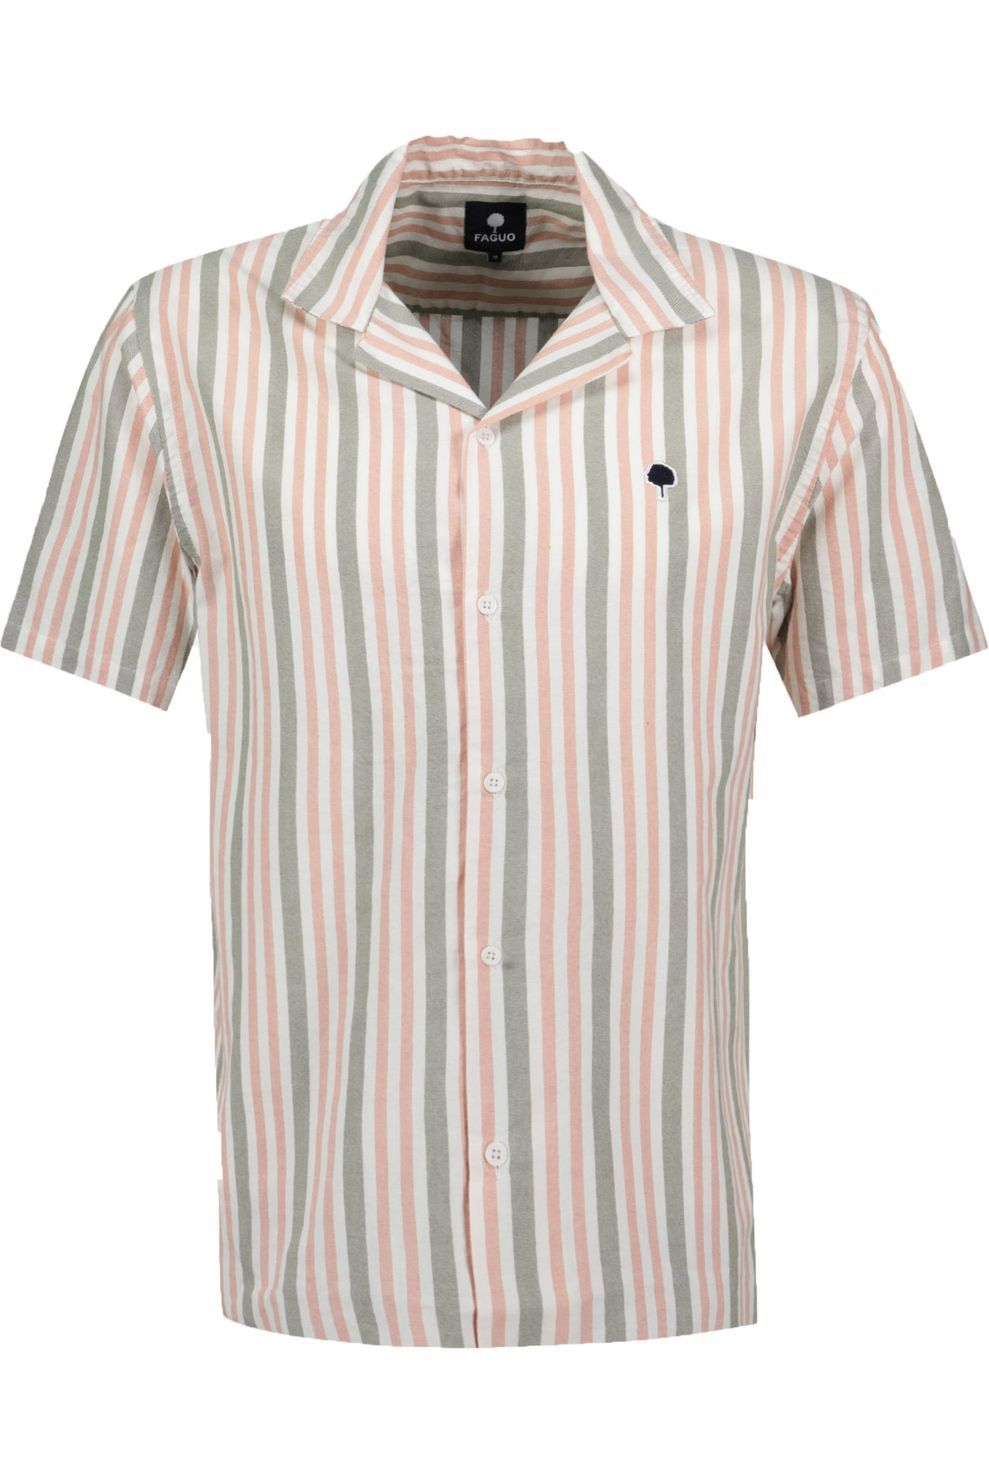 Faguo_Shirt FAG Vimy Shirts stripes_JUTTU_€75
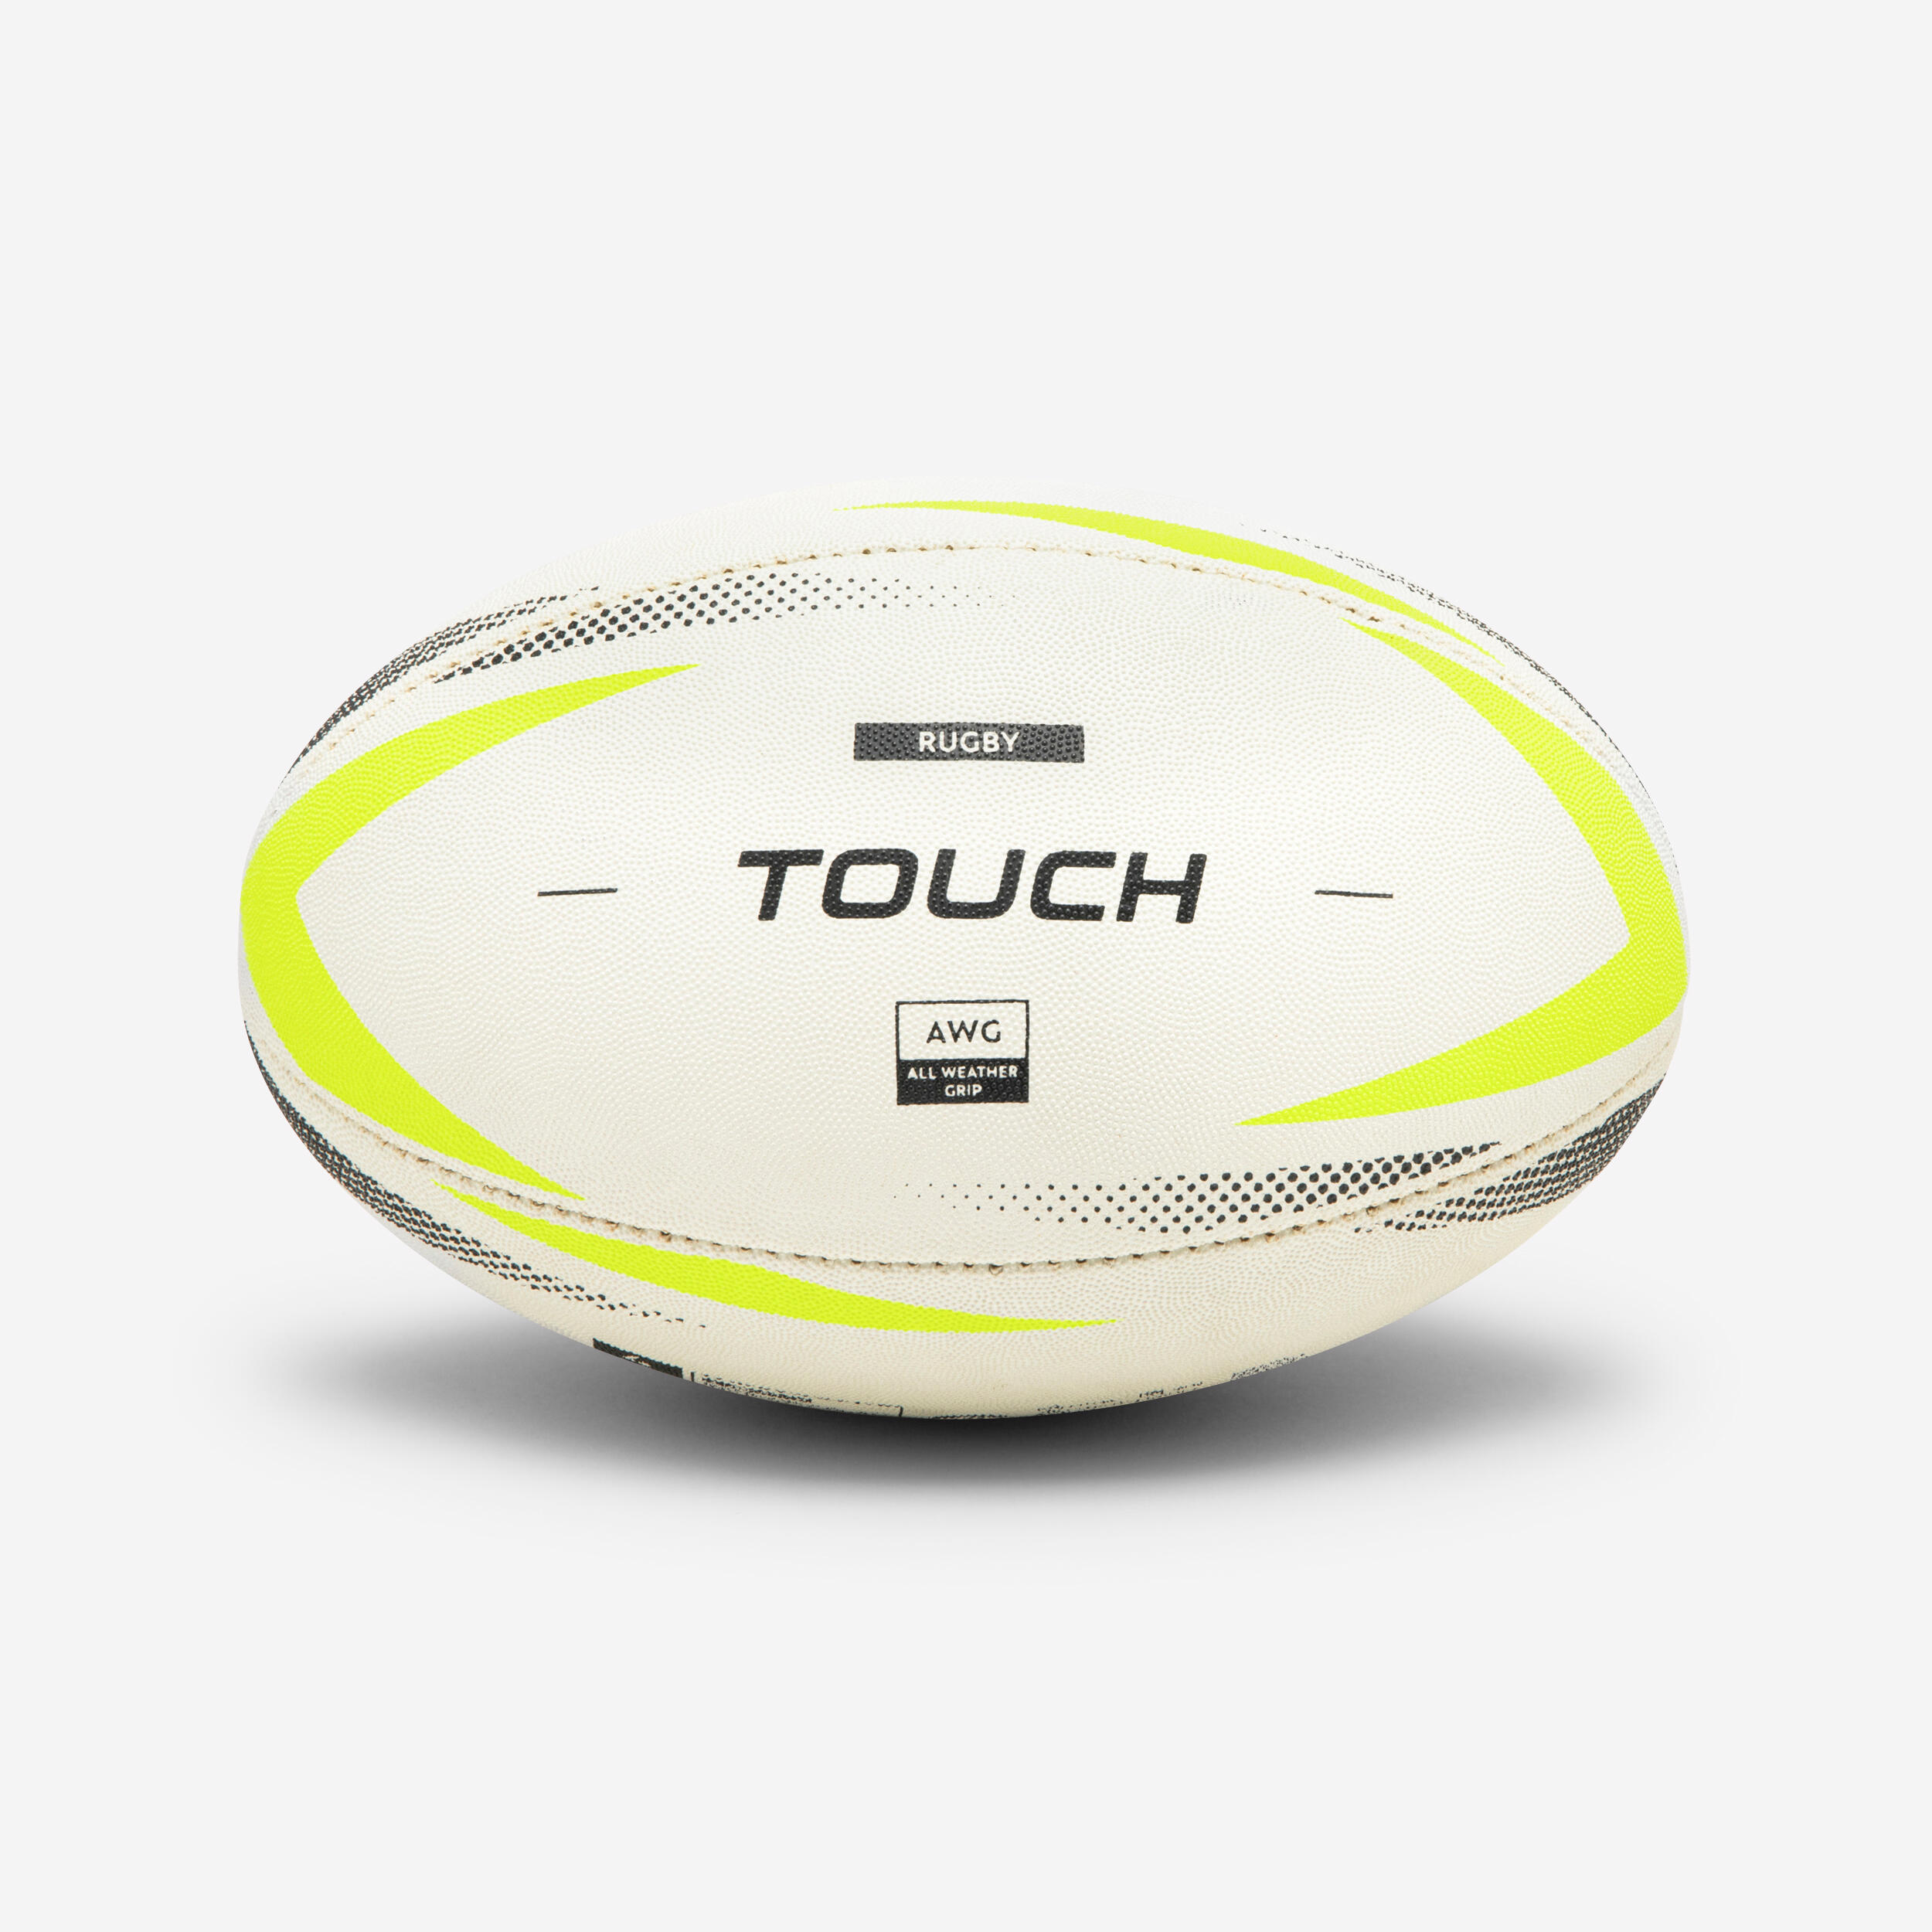 Ballon De Rugby Enfant Taille 3 - Inititation Light Jaune OFFLOAD
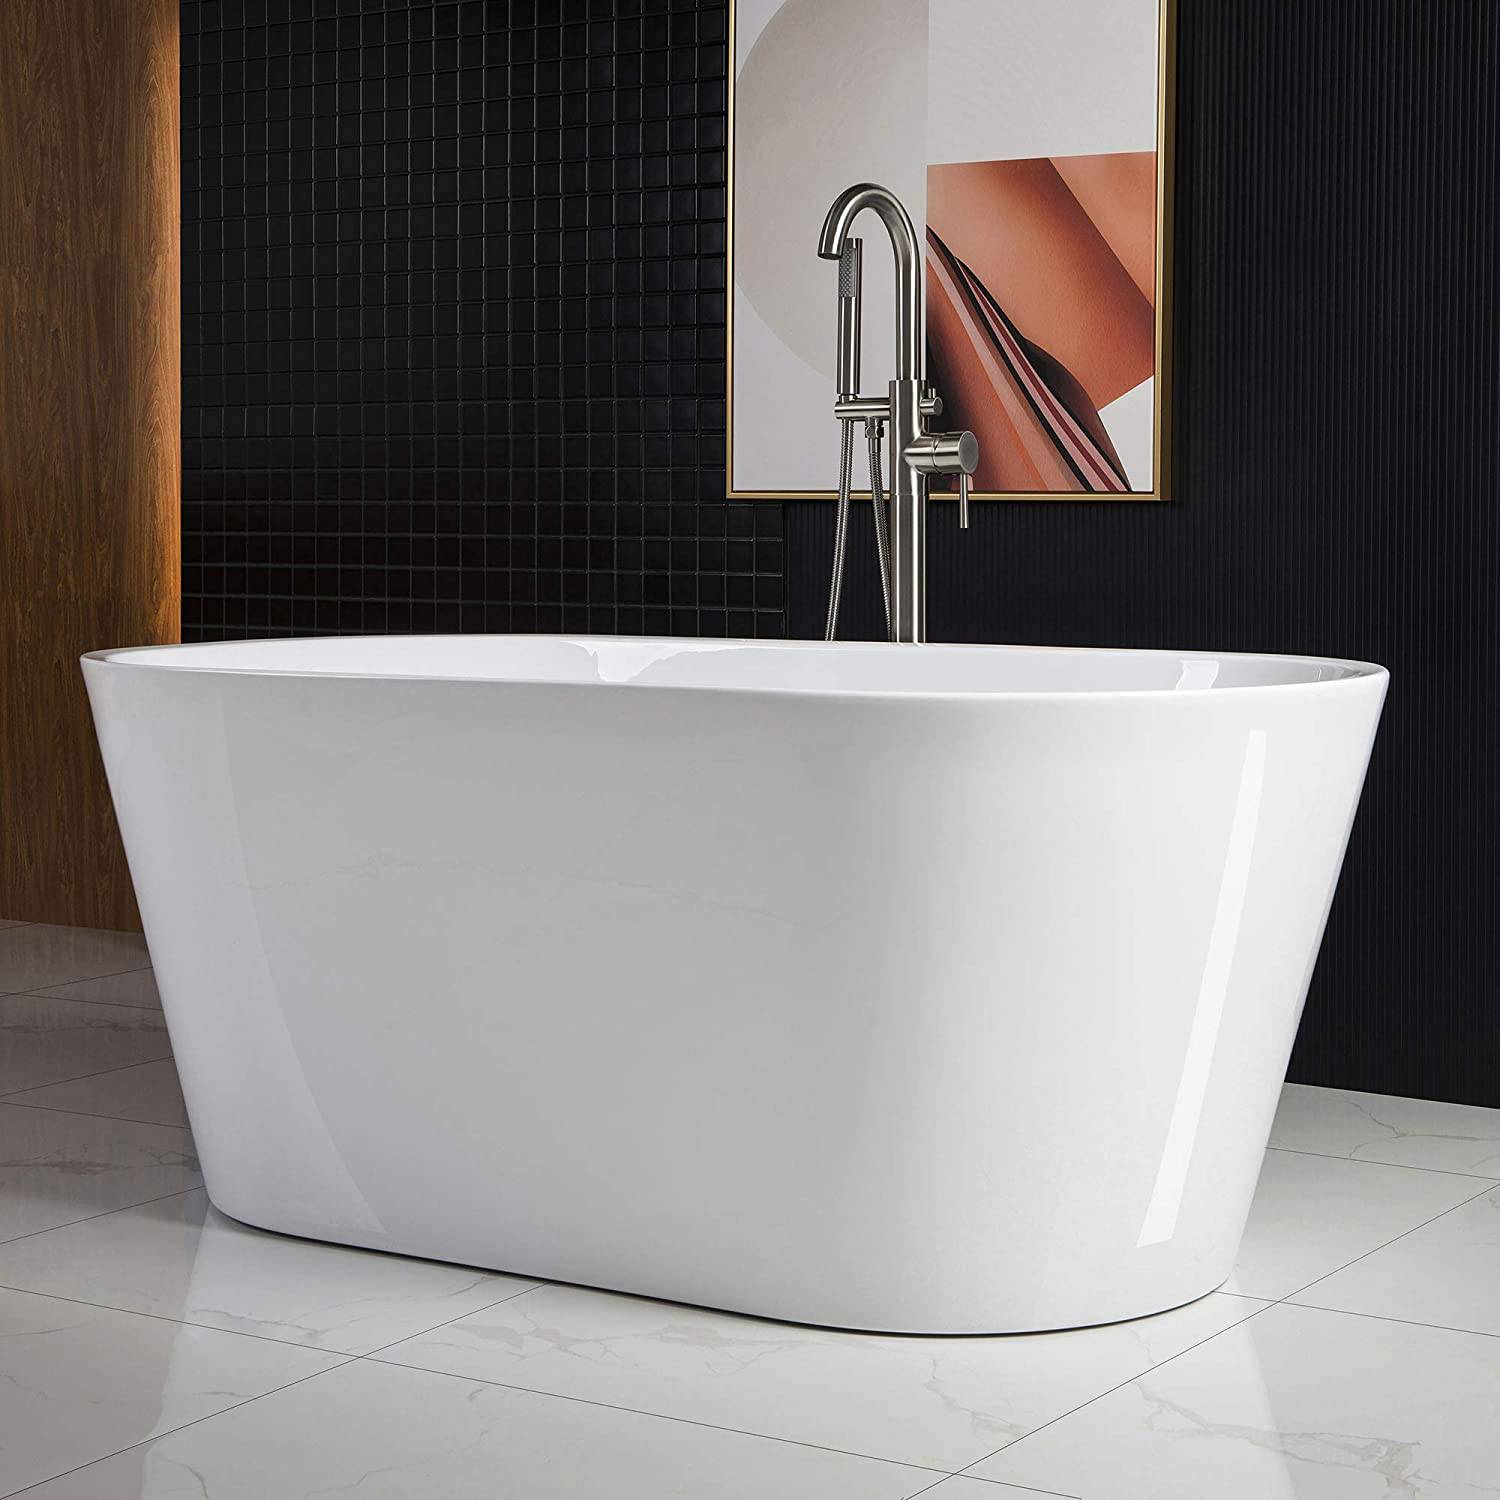 Venetio 59" 100% Acrylic Freestanding Bathtub Contemporary Soaking Tub with Brushed Nickel Overflow and Drain In White - Venetio

TASK TO CARRY OUT: Transcribe the listing exactly, skipping pictures.

SOLUTION TO THIS PROBLEM:
 Faguo_Shirt FAG Vimy Shirts stripes_JUTTU_€75
 Ballon De Rugby Enfant Taille 3 - Inititation Light Jaune OFFLOAD
 Venetio 59" 100% Acrylic Freestanding Bathtub Contemporary Soaking Tub with Brushed Nickel Overflow and Drain In White - Venetio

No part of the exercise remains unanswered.